Prof. Schommer: “The 1980s were characterized by the development of AI in general and neural networks in particular. At that time, I studied Hopfield networks (Ed. Note: named after the current Nobel Prize winner, see infobox), other neural network architectures and connectionism. I was immediately fascinated by the question of whether and if so, how we could artificially simulate cognitive problem solving. In one of my papers, I dealt with the disambiguation of multiple-meaning sentences, such as syntactically ambiguous sentences (“Peter sees Susan with the telescope” - who has the telescope?) or sentences in which one word can have several meanings (“The astronomer marries a star” - what does star mean?). Incidentally, the common translation systems still mistranslate the sentence “The astronomer marries a star” - try it out!”
Artificial neural networks: how do you use them in your research field?
Prof. Tkatchenko: “What we really do is building tools. At the moment, we are making foundation models (like ChatGPT) of biomolecular dynamics. Basically, we are developing a specialized model trained on all the data that we and others have produced over the last 20 years on quantum mechanical calculations of molecular fragments. We demonstrate that once we train such a model, we can apply it to simulate biomolecular systems that are not there in the data. This means that we can assess a much larger range of questions. All biomolecules are dictated by quantum mechanical interactions; so, once you have a model that has learned those interactions from the data, in principle, eventually you could even simulate a whole cell. This really pushes the field.
In quantum chemistry, ML produces a lot of useful data. For example, you can calculate the properties of drugs (like bioavailability) or of materials like solar cells. ML changes the way that we ask scientific questions: what if I want a molecule or a material that has all the properties that I need, instead of computing the properties of a set of molecules?”
Prof. Schommer: “We use ML in countless areas. The exciting thing about this technology is its versatility: because it is a problem-solving tool, it can be used in almost any field. We are working on chatbots to stimulate communication between people, on the (semi-)automatic summarization of texts, on topics in the field of artificial creativity (what distinguishes a deep fake from a master painting?); even in subjects such as ethics, law or history, we deal with issues relating to the impact of machine learning on society. For example, we are currently developing a learning system to explain the First World War in collaboration with the C2DH."
In your opinion: What are the opportunities and risks of machine learning models?
Prof. Tkatchenko: “To me, AI is more intelligent than us in many domains, but much more ignorant in others. The danger comes from not understanding the tools we use. If we use an algorithm without understanding how it works, and this leads to new results, is this really a breakthrough, or a hallucination? With Chat GPT, those hallucinations are easy to debunk but in molecular simulations, things are much more complicated. That could be a danger.
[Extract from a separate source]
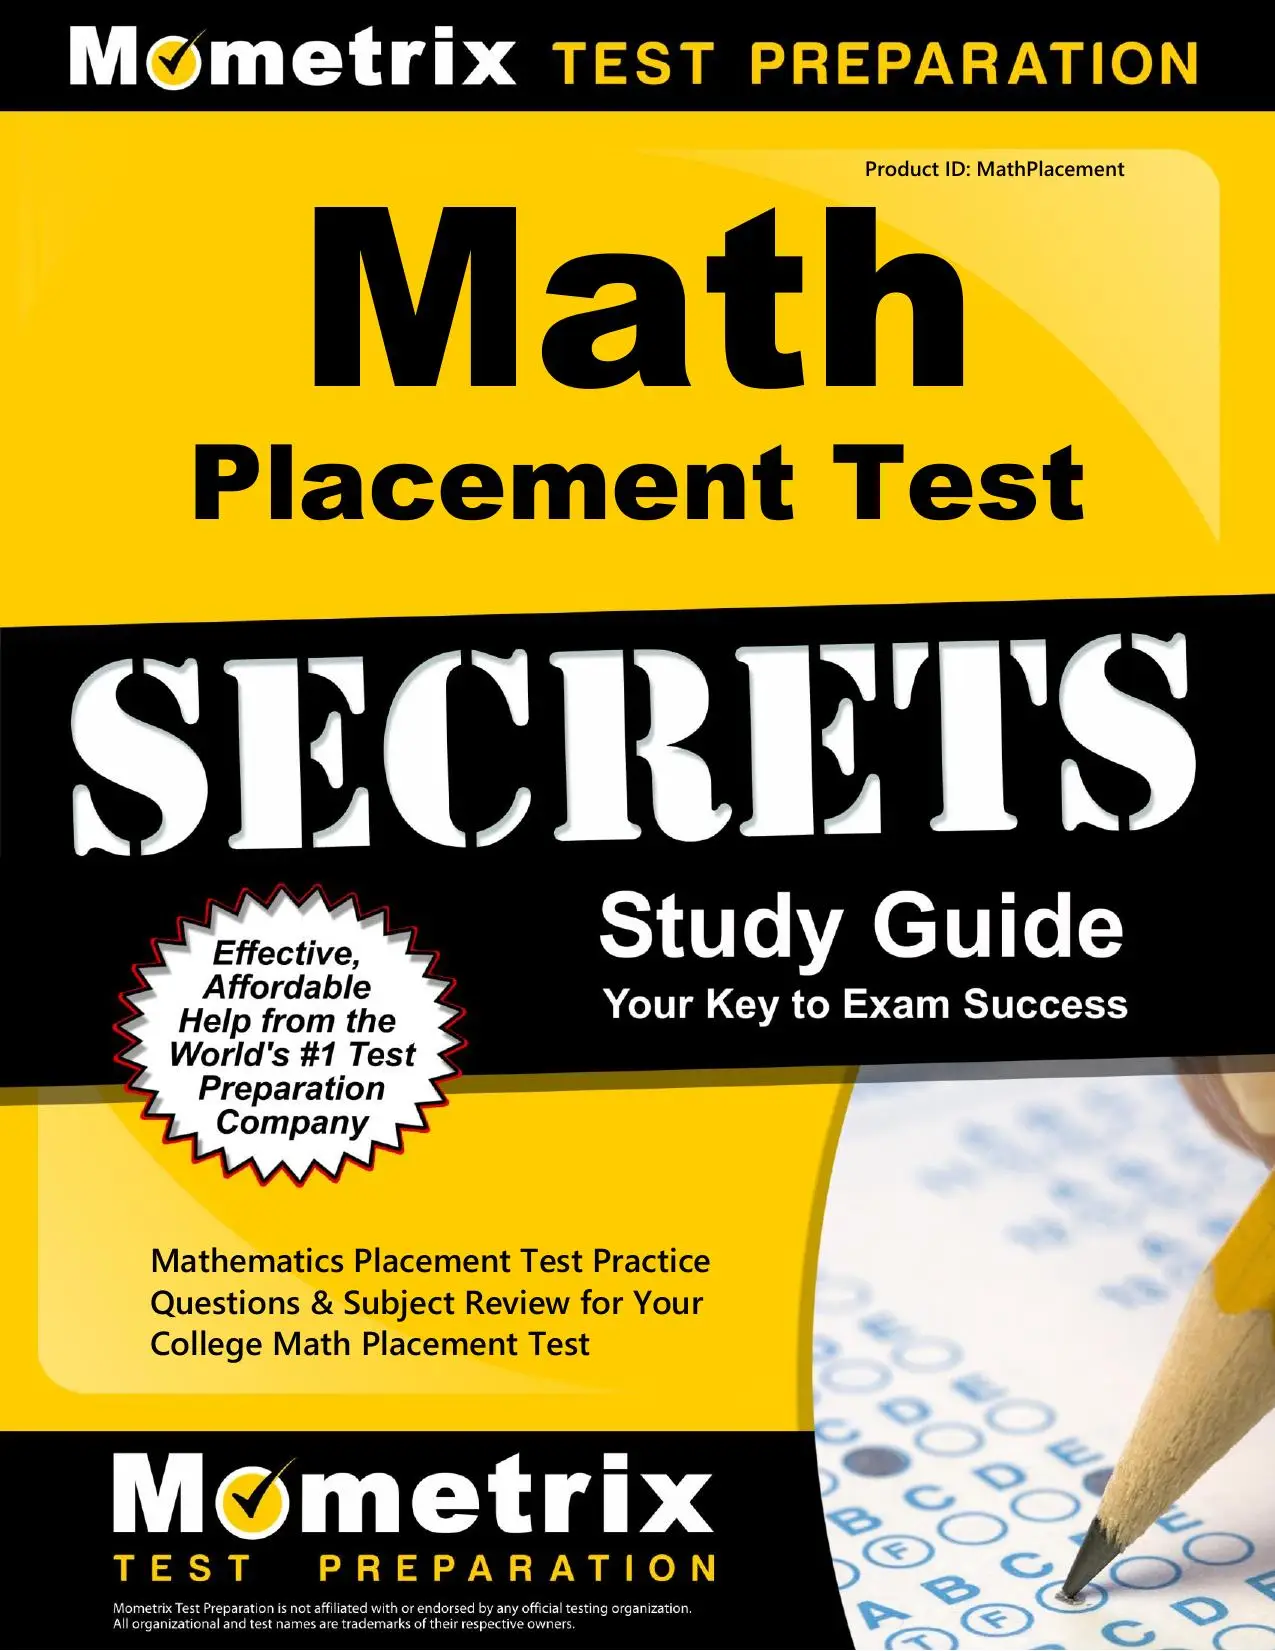 Is The Math Placement Test Hard

On the other hand, we still don’t understand in all glorious details why planes fly (and when they fail), but we still use them daily. So, it’s perfectly fine to use ML, but we have to decompose it little by little to understand all the pieces. One needs new standards for new science, and ML is a new science.”
Prof. Schommer: “There are indeed certain drawbacks, such as the explainability of results or the use of programming libraries without fully understanding the architectures they contain. This also leads to people accepting results and relying on them, but not having the necessary basic knowledge to question them.”